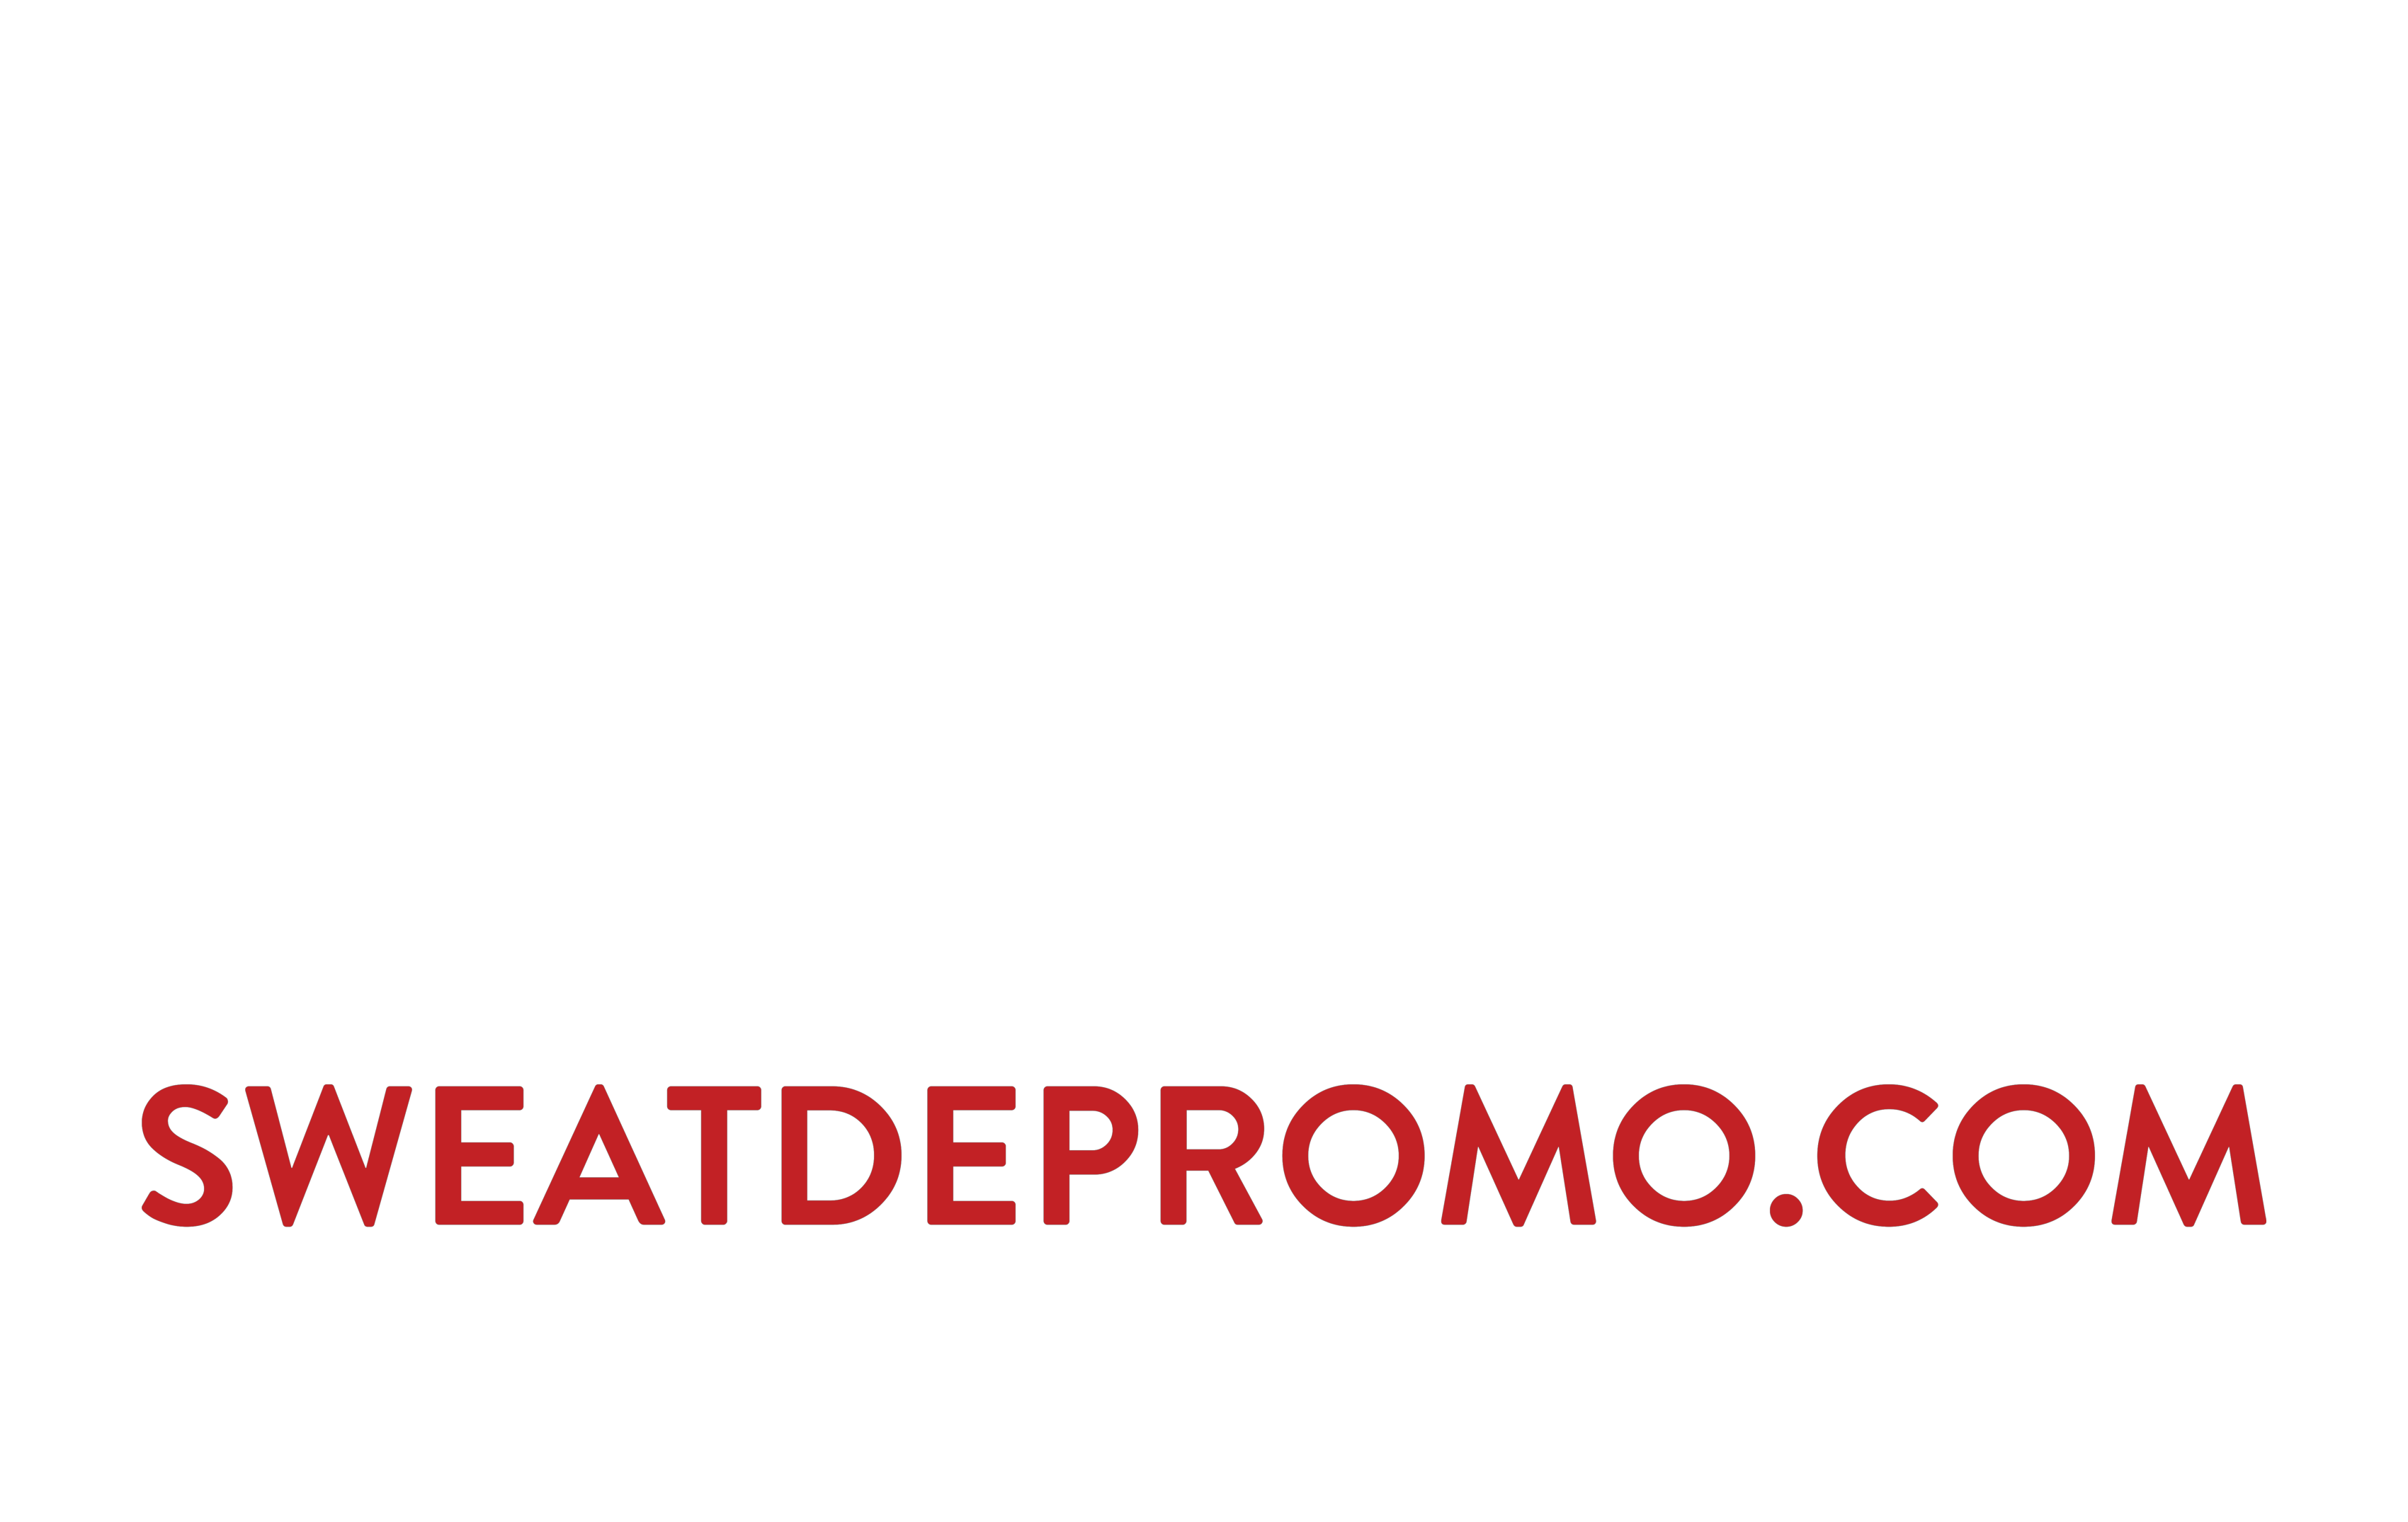 Sweatdepromo.com
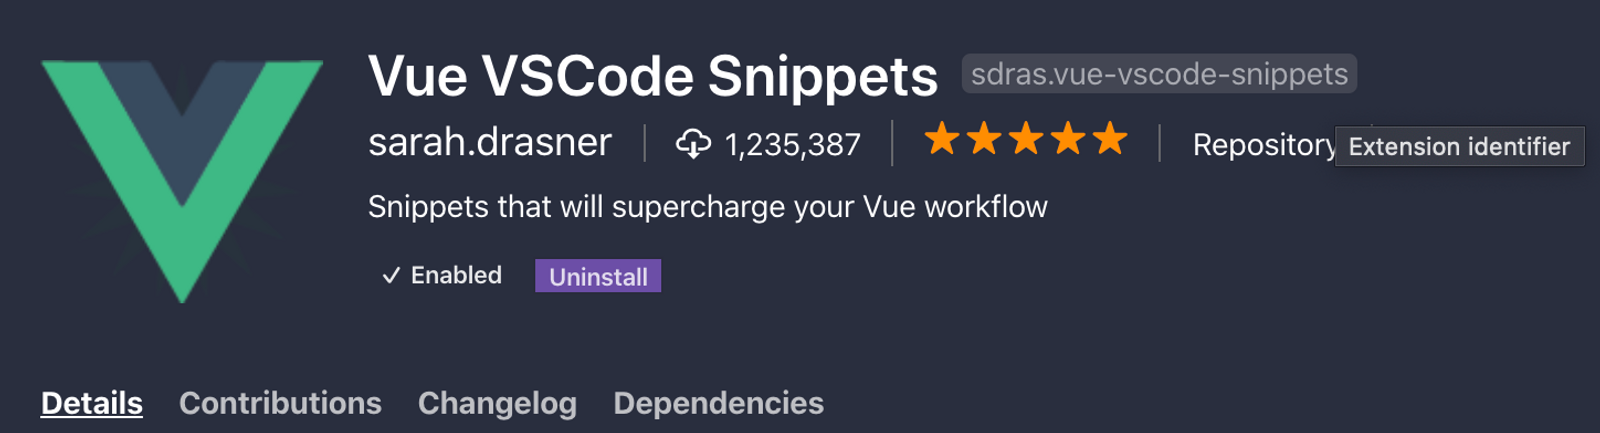 Vue VSCode Snippets
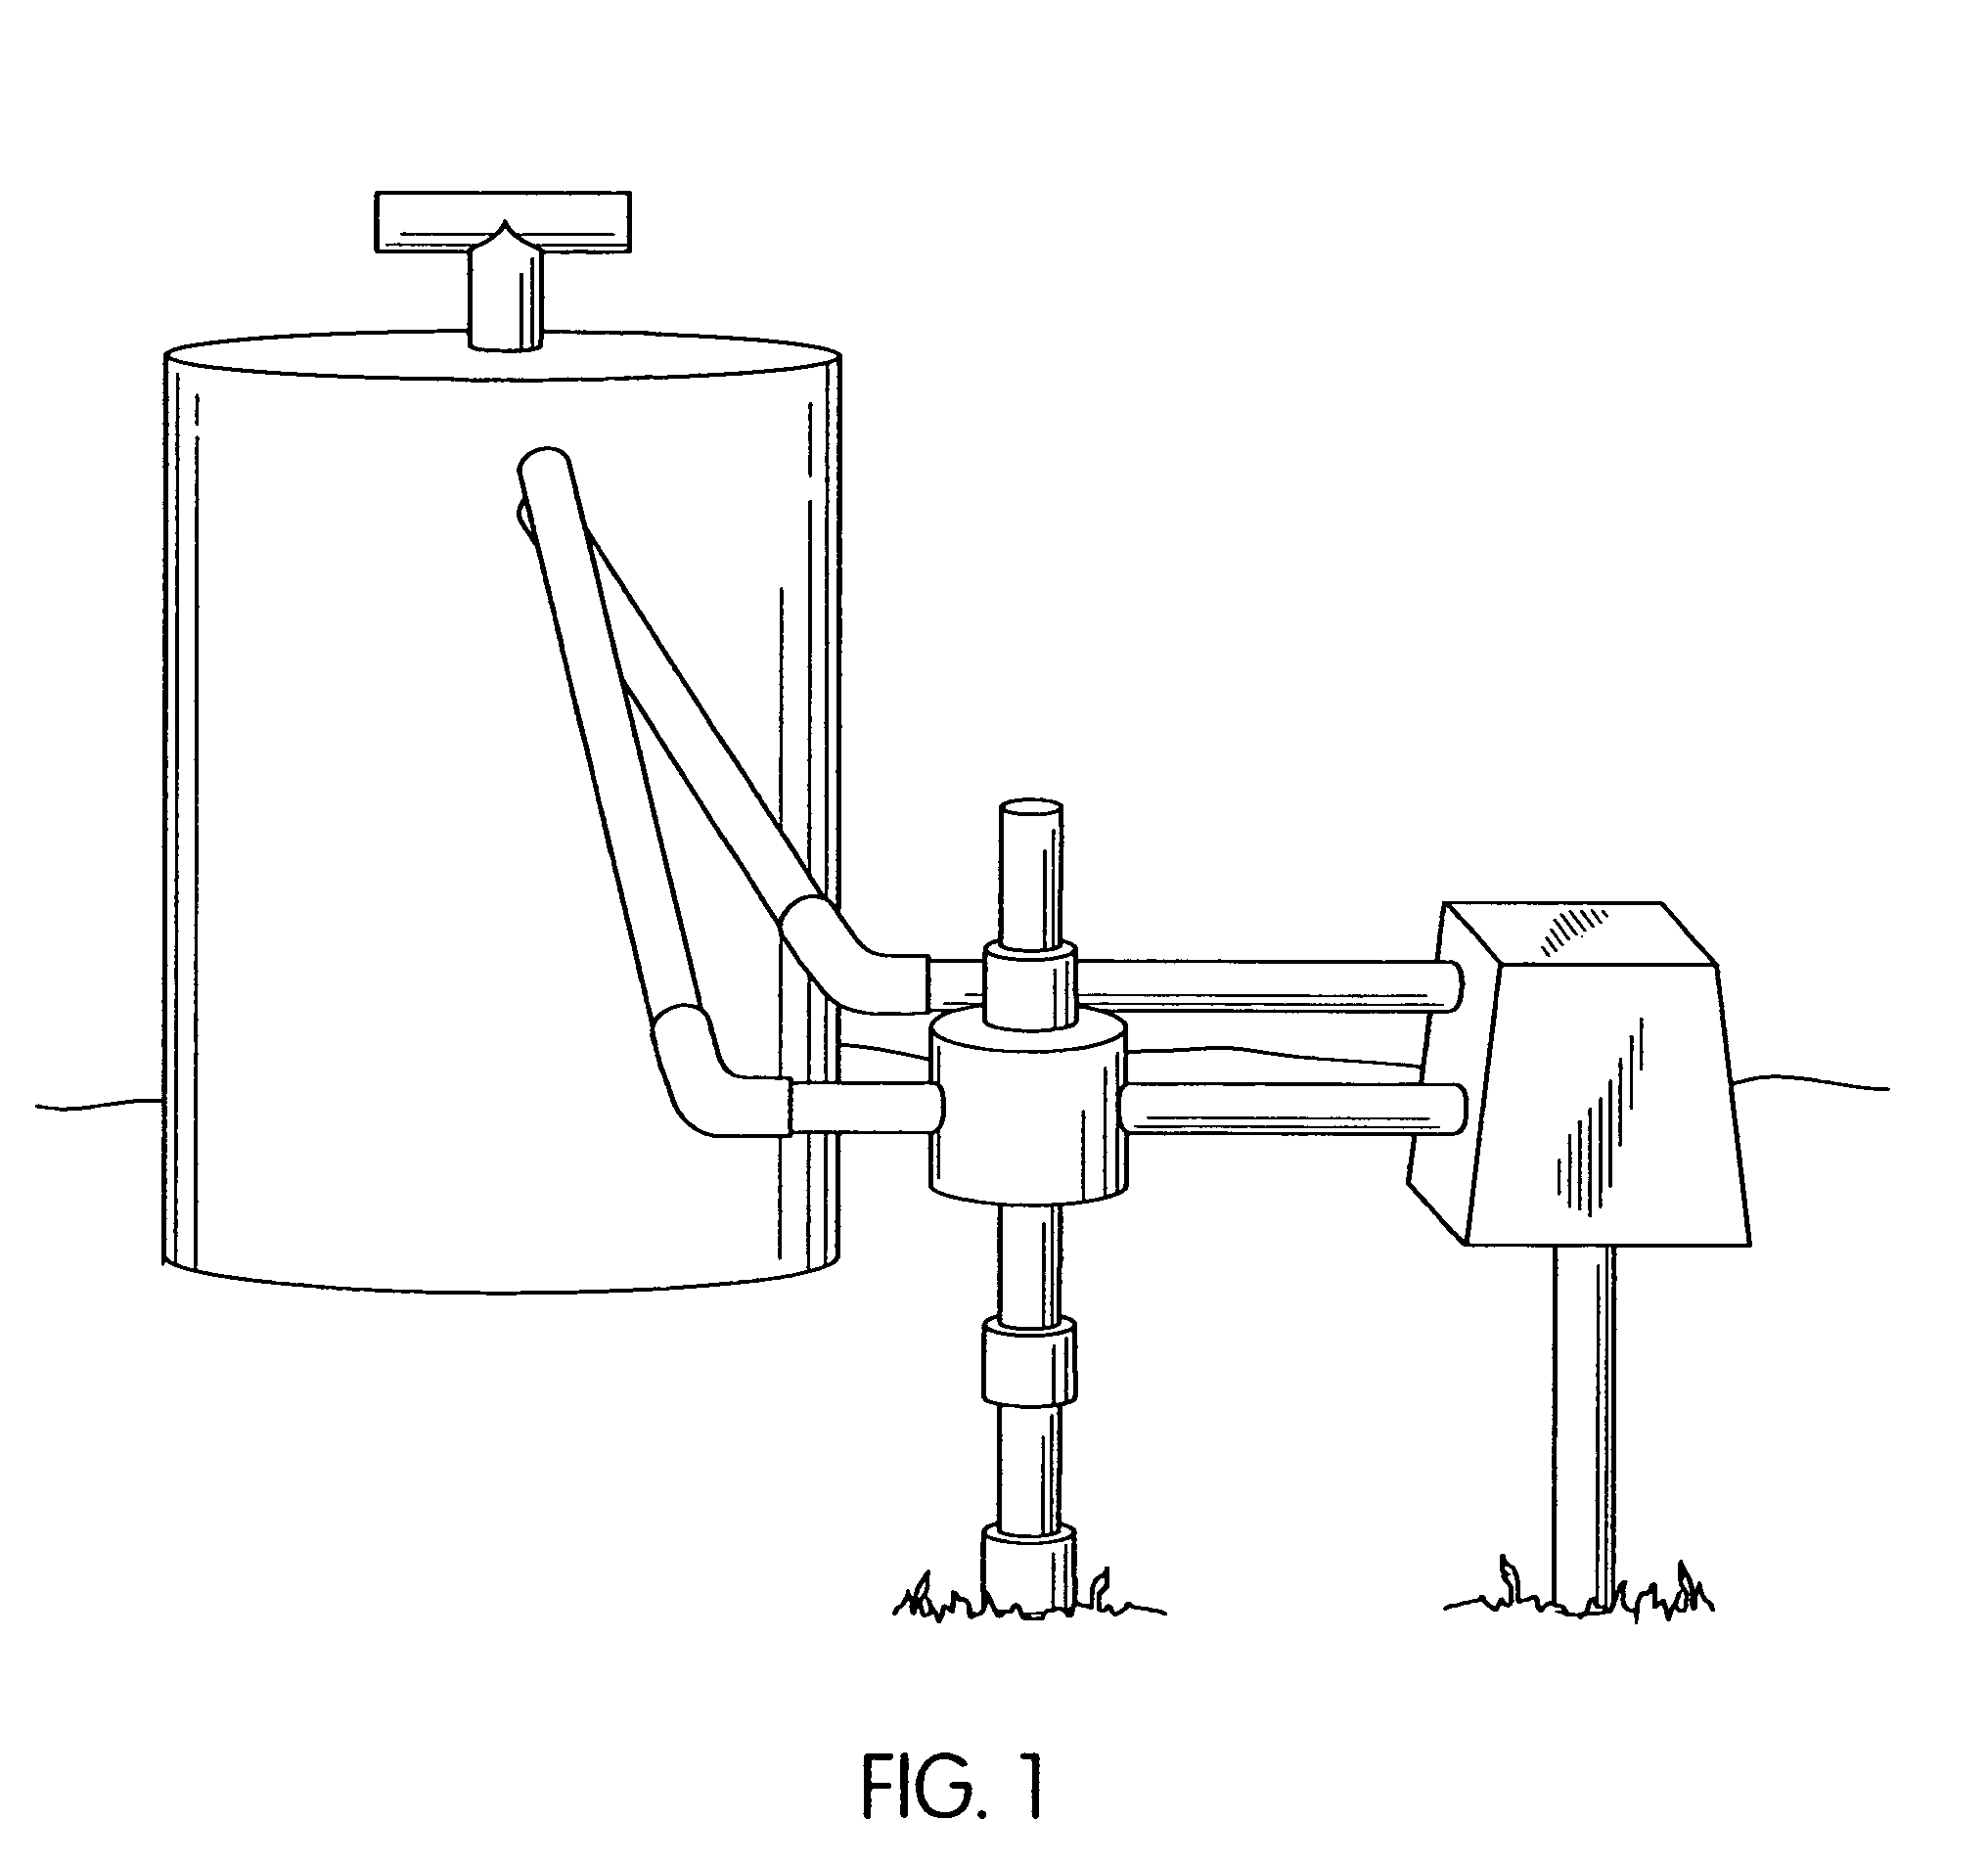 Portable brine evaporator unit, process, and system

## The problem
Write the material out again exactly. Do not include the pictures.

## Problem solution
 Sweatdepromo.com
 Vue VSCode Snippets
 Portable brine evaporator unit, process, and system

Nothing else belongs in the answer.